Onde a multa nasce: arts. 536 e 537 do Código de Processo Civil

Regime de convivência é obrigação de fazer, e o cumprimento desse tipo de obrigação está no art. 536: para efetivar a tutela específica, o juiz determina as medidas necessárias à satisfação do exequente, de ofício ou a requerimento. Entre essas medidas, o § 1º menciona expressamente a imposição de multa, além da busca e apreensão e da requisição de auxílio de força policial.

O art. 537 completa o regime. A multa independe de requerimento da parte, pode ser aplicada na fase de conhecimento, em tutela provisória, na sentença ou já na execução, desde que suficiente e compatível com a obrigação e acompanhada de prazo razoável para cumprimento. Pelo § 2º, o valor reverte ao exequente.

Duas válvulas de escape merecem atenção. O § 1º autoriza o juízo a modificar valor e periodicidade, ou até excluir a multa vincenda, se ela se tornou insuficiente ou excessiva, ou se houve cumprimento parcial superveniente ou justa causa para o descumprimento. E o § 3º condiciona o levantamento do valor ao trânsito em julgado da sentença favorável, salvo na pendência de agravo nas hipóteses que indica — ou seja, a multa não vira dinheiro imediato no bolso de ninguém.
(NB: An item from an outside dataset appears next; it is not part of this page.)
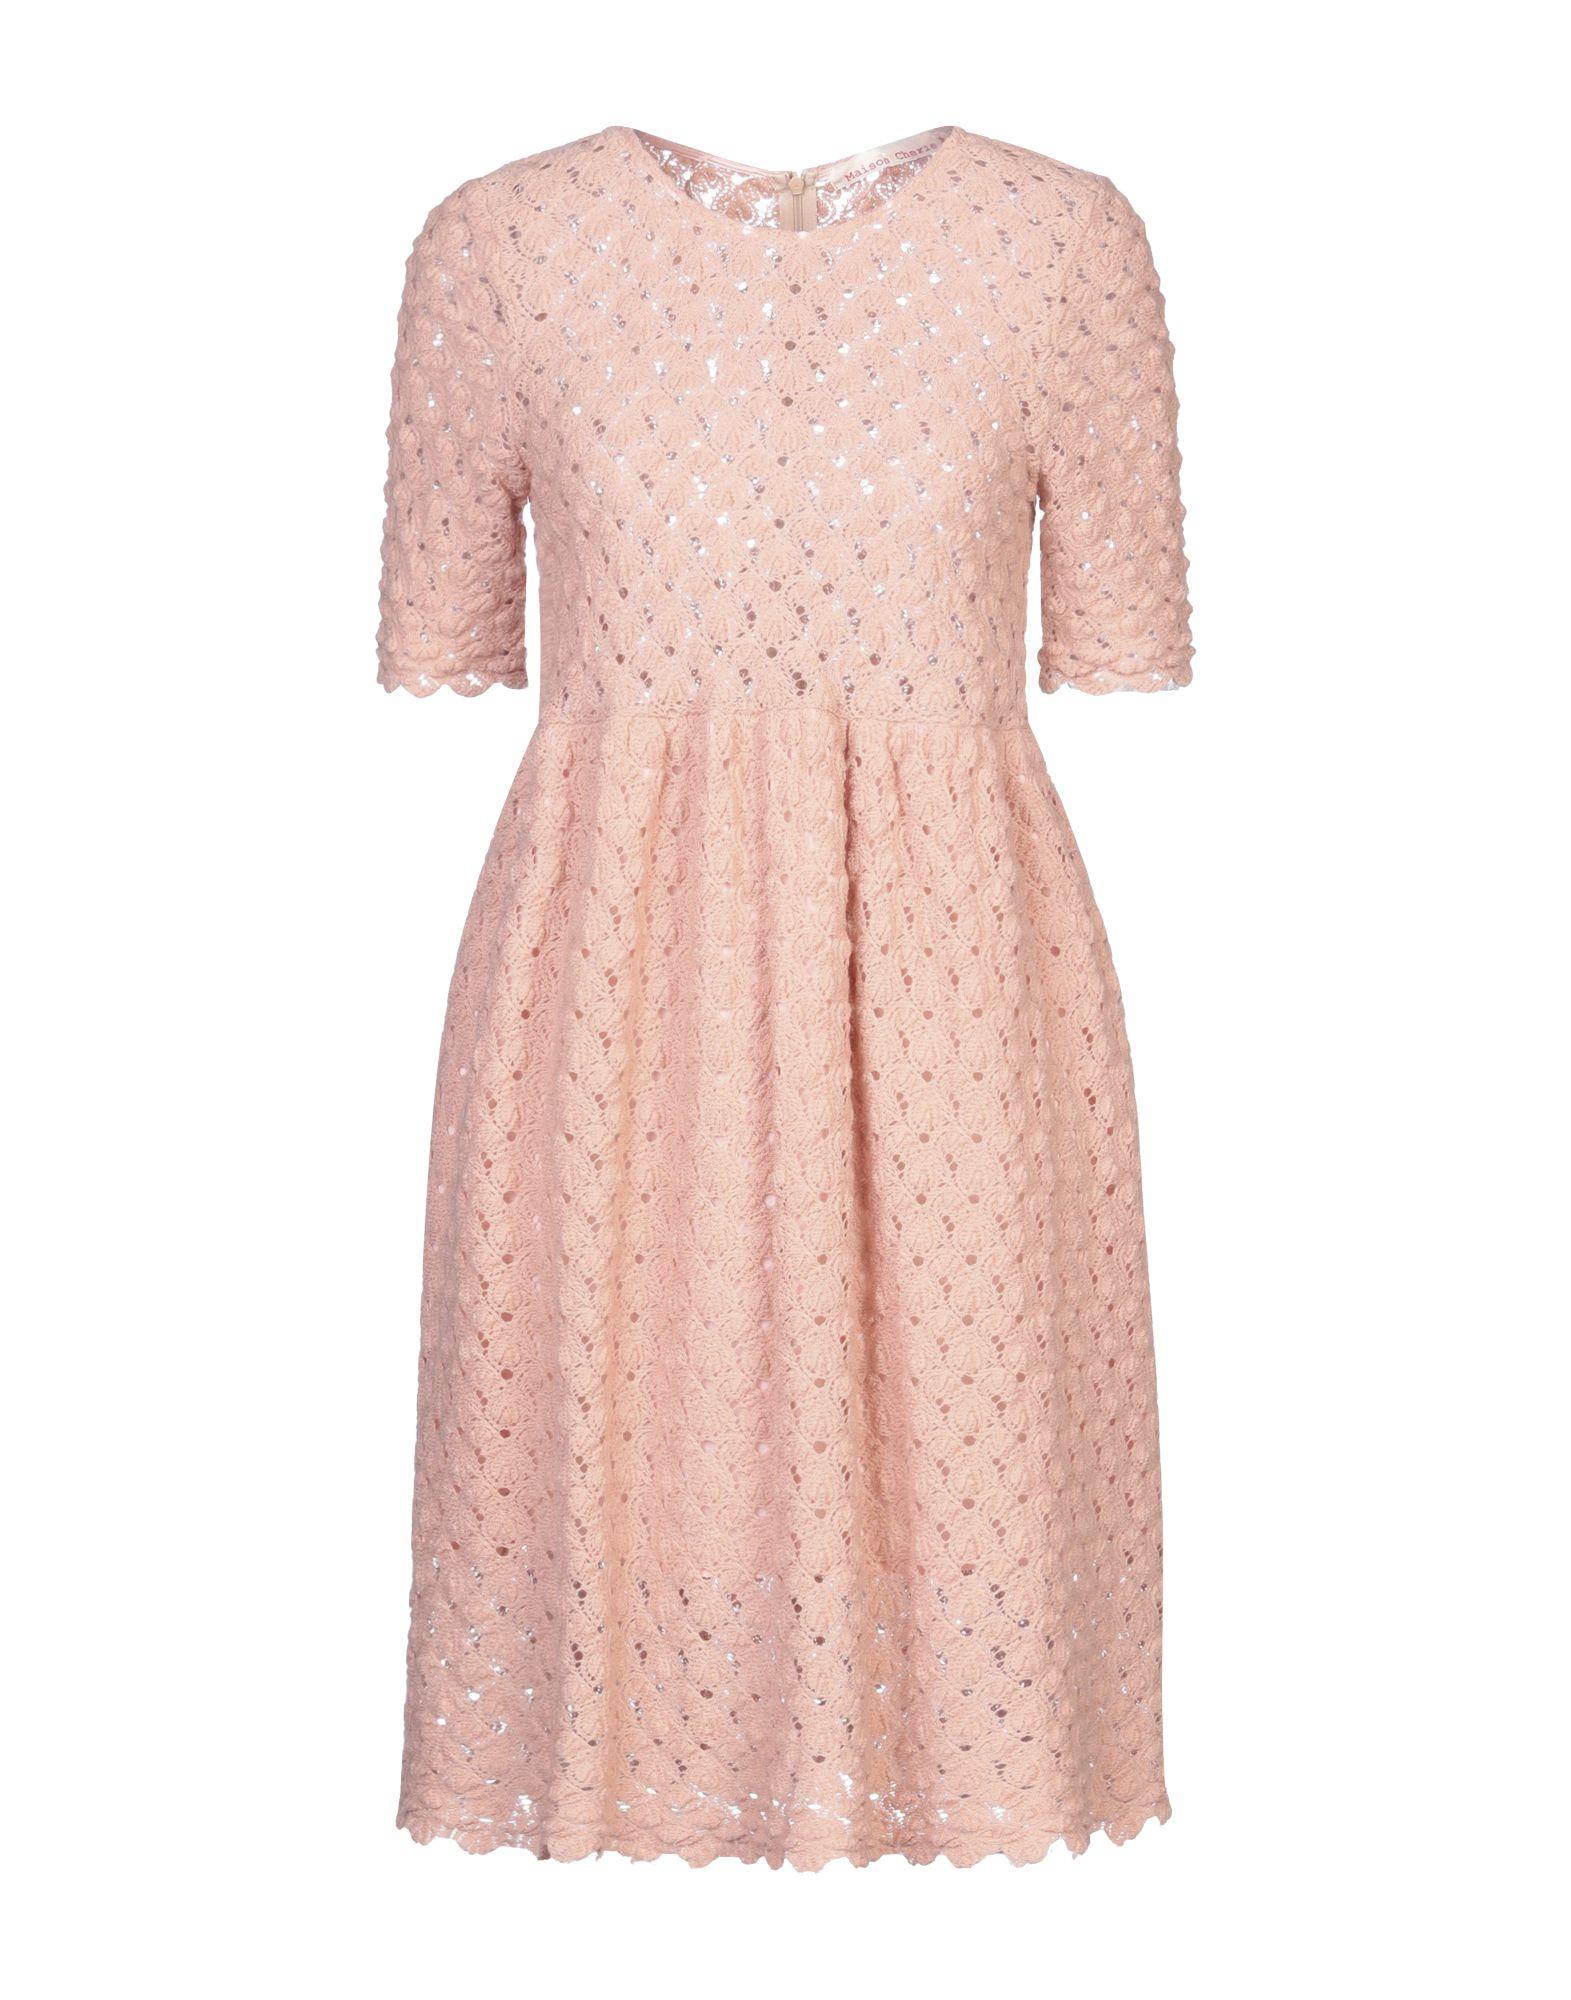 MAISON CHERIE Короткое платье

Como formular o requerimento

O pedido é feito nos próprios autos em que a convivência foi fixada, sem necessidade de ação nova. Uma sequência que funciona:

1. Reúna o histórico datado. Mensagens com data e horário, registros de entrada e saída em portaria, comprovantes de viagem feita à toa, declarações escolares e depoimentos de quem acompanhou as tentativas. 2. Descreva os episódios em ordem cronológica, com datas exatas, indicando o que o título determinava e o que efetivamente ocorreu. 3. Peça a intimação do outro genitor para cumprir sob pena de multa, indicando valor e periodicidade sugeridos e justificando a proporção diante da capacidade econômica dele. 4. Requeira, em pedido subsidiário, as demais medidas do art. 536, § 1º, para o caso de a multa se revelar insuficiente. 5. Anexe proposta concreta de calendário para os próximos meses, o que demonstra boa-fé e facilita a solução consensual.

A redação desse requerimento é decisiva para que ele seja acolhido, e advogados particulares recebem por meios digitais o histórico de mensagens e o calendário descumprido para montar a peça.
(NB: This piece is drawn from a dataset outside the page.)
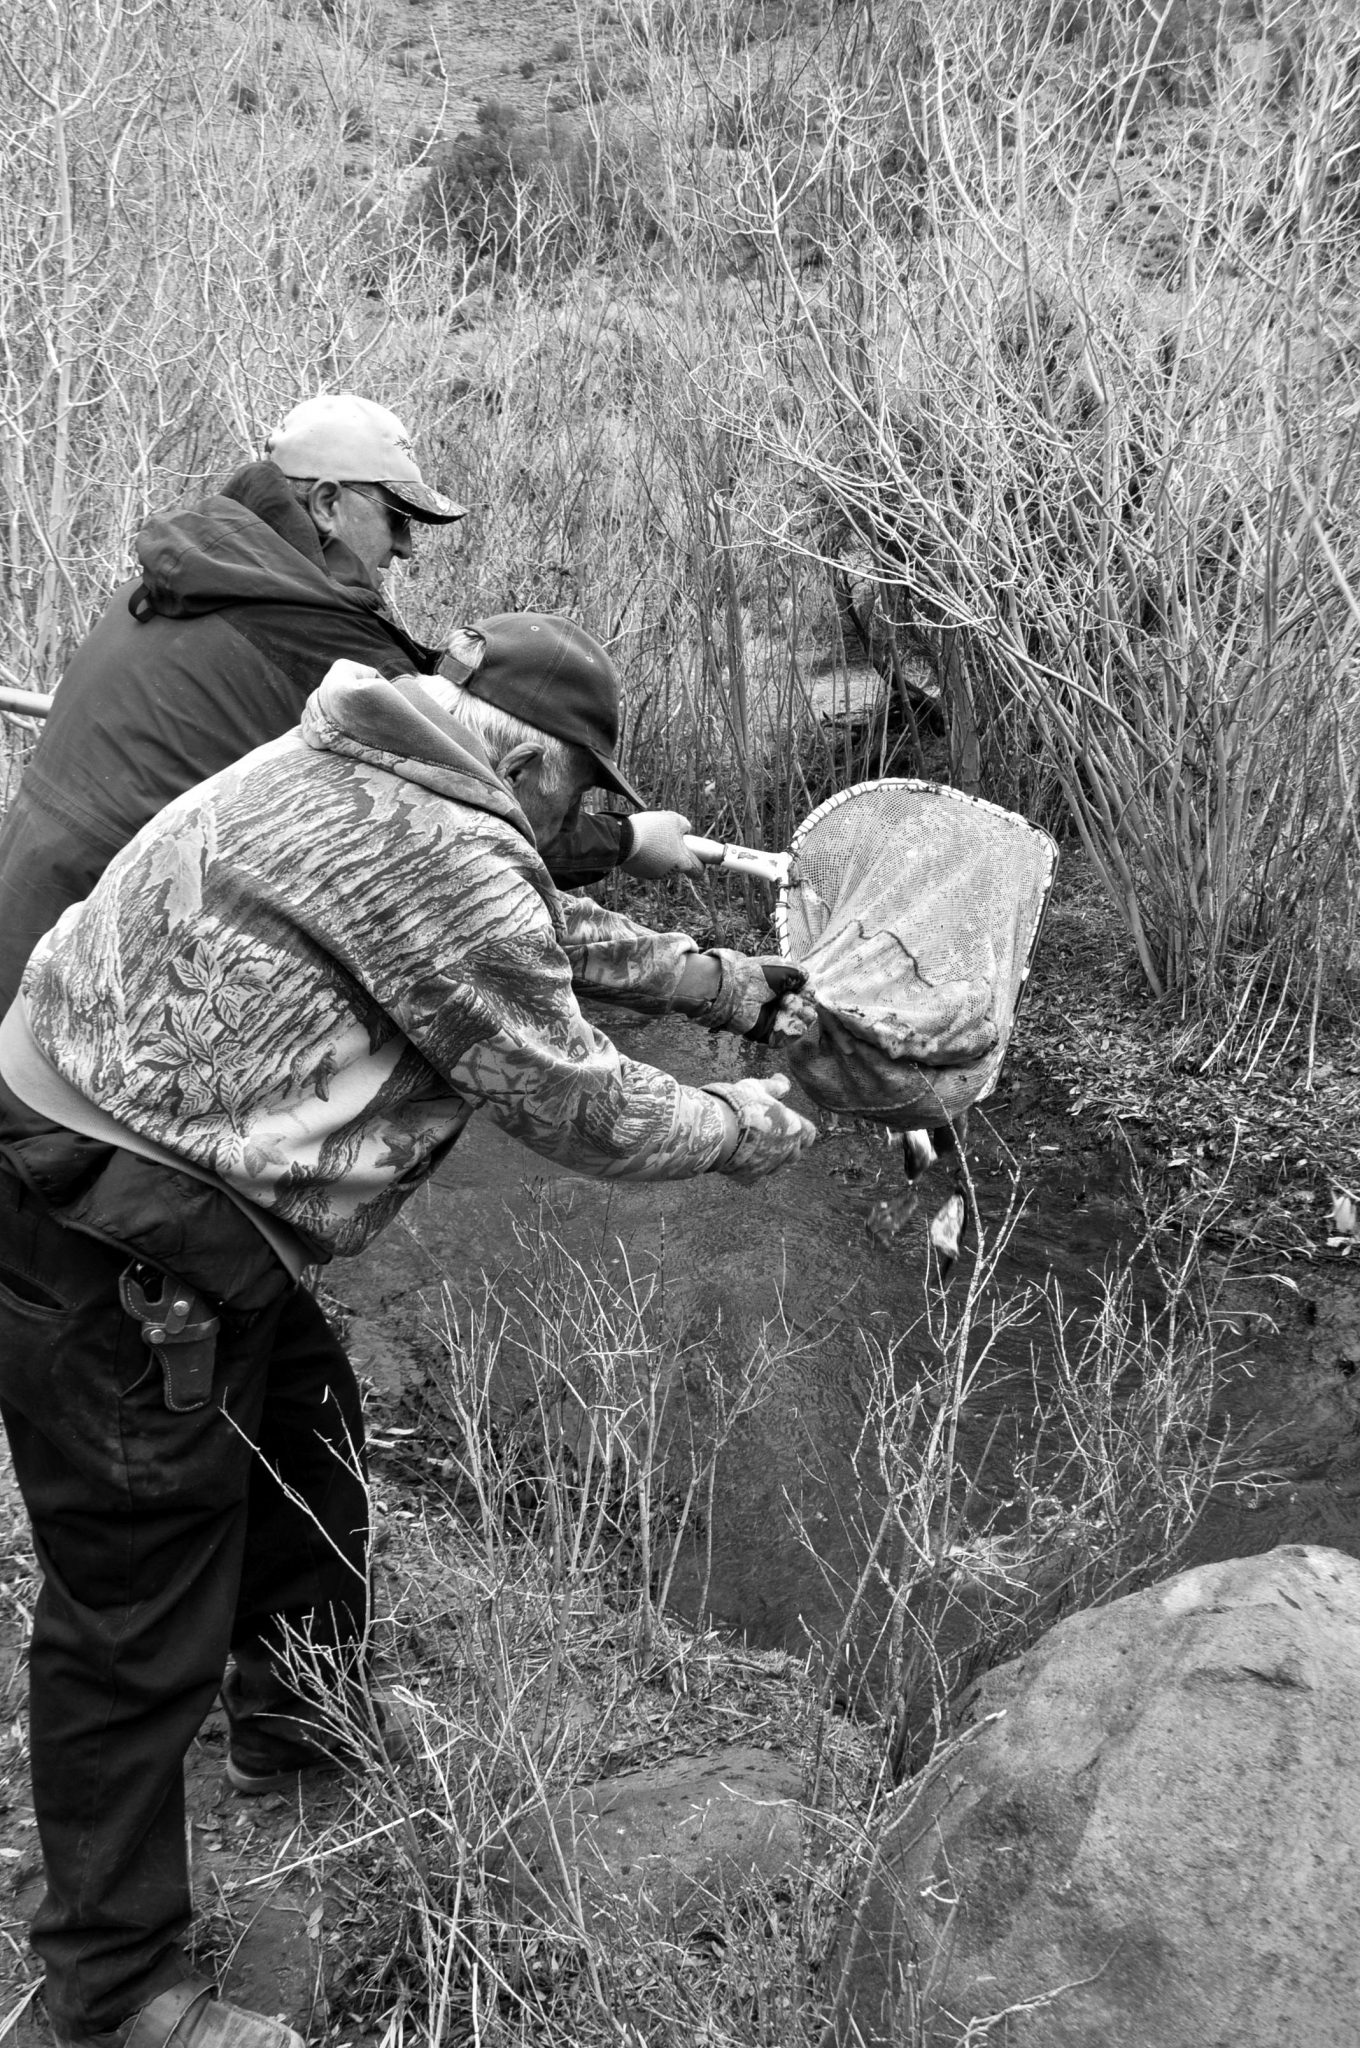 Local wildlife leaders stock Rough Creek

A via da Lei 12.318/2010 e por que ela é mais ampla

Quando o descumprimento é reiterado e sistemático, existe caminho paralelo. O art. 6º da Lei 12.318/2010 autoriza o juiz, diante de atos típicos de alienação parental ou de qualquer conduta que dificulte a convivência com o genitor, a aplicar medidas cumulativamente: declarar a ocorrência e advertir, ampliar o regime de convivência em favor do genitor prejudicado, estipular multa, determinar acompanhamento psicológico ou biopsicossocial, alterar a guarda ou fixar cautelarmente o domicílio da criança.

O § 1º do mesmo artigo traz uma medida prática e pouco lembrada: caracterizada mudança abusiva de endereço, inviabilização ou obstrução da convivência, o juiz pode inverter a obrigação de levar ou buscar a criança nas alternâncias.

O art. 4º garante tramitação prioritária e permite, ouvido o Ministério Público, medidas provisórias urgentes para assegurar a convivência ou viabilizar a reaproximação. Havendo indício de alienação parental, o art. 5º prevê perícia psicológica ou biopsicossocial, com prazo de noventa dias para apresentação do laudo, prorrogável mediante justificativa. Nem toda dificuldade de convivência é alienação parental, e a acusação levianamente lançada costuma prejudicar quem a faz.

O que costuma esvaziar o pedido

Alguns cenários mudam completamente o desfecho, e ignorá-los é temerário.

Recusa da própria criança ou do adolescente, especialmente na fase escolar avançada, não se resolve com multa; ela pede escuta qualificada e, muitas vezes, acompanhamento terapêutico. Motivo de saúde documentado configura a justa causa do art. 537, § 1º, II. Descumprimentos recíprocos — atrasos de ambos, devoluções fora do horário pelos dois lados — tendem a levar o juízo a redesenhar o calendário em vez de punir alguém.

Há uma hipótese que exige cuidado especial: quando existe medida protetiva em vigor ou histórico de violência doméstica, a convivência é reavaliada sob outra lógica, e o caminho não é o pedido de astreinte. Nessas situações, a orientação deve ser buscada junto ao juízo competente, à Defensoria Pública ou ao Ministério Público antes de qualquer requerimento.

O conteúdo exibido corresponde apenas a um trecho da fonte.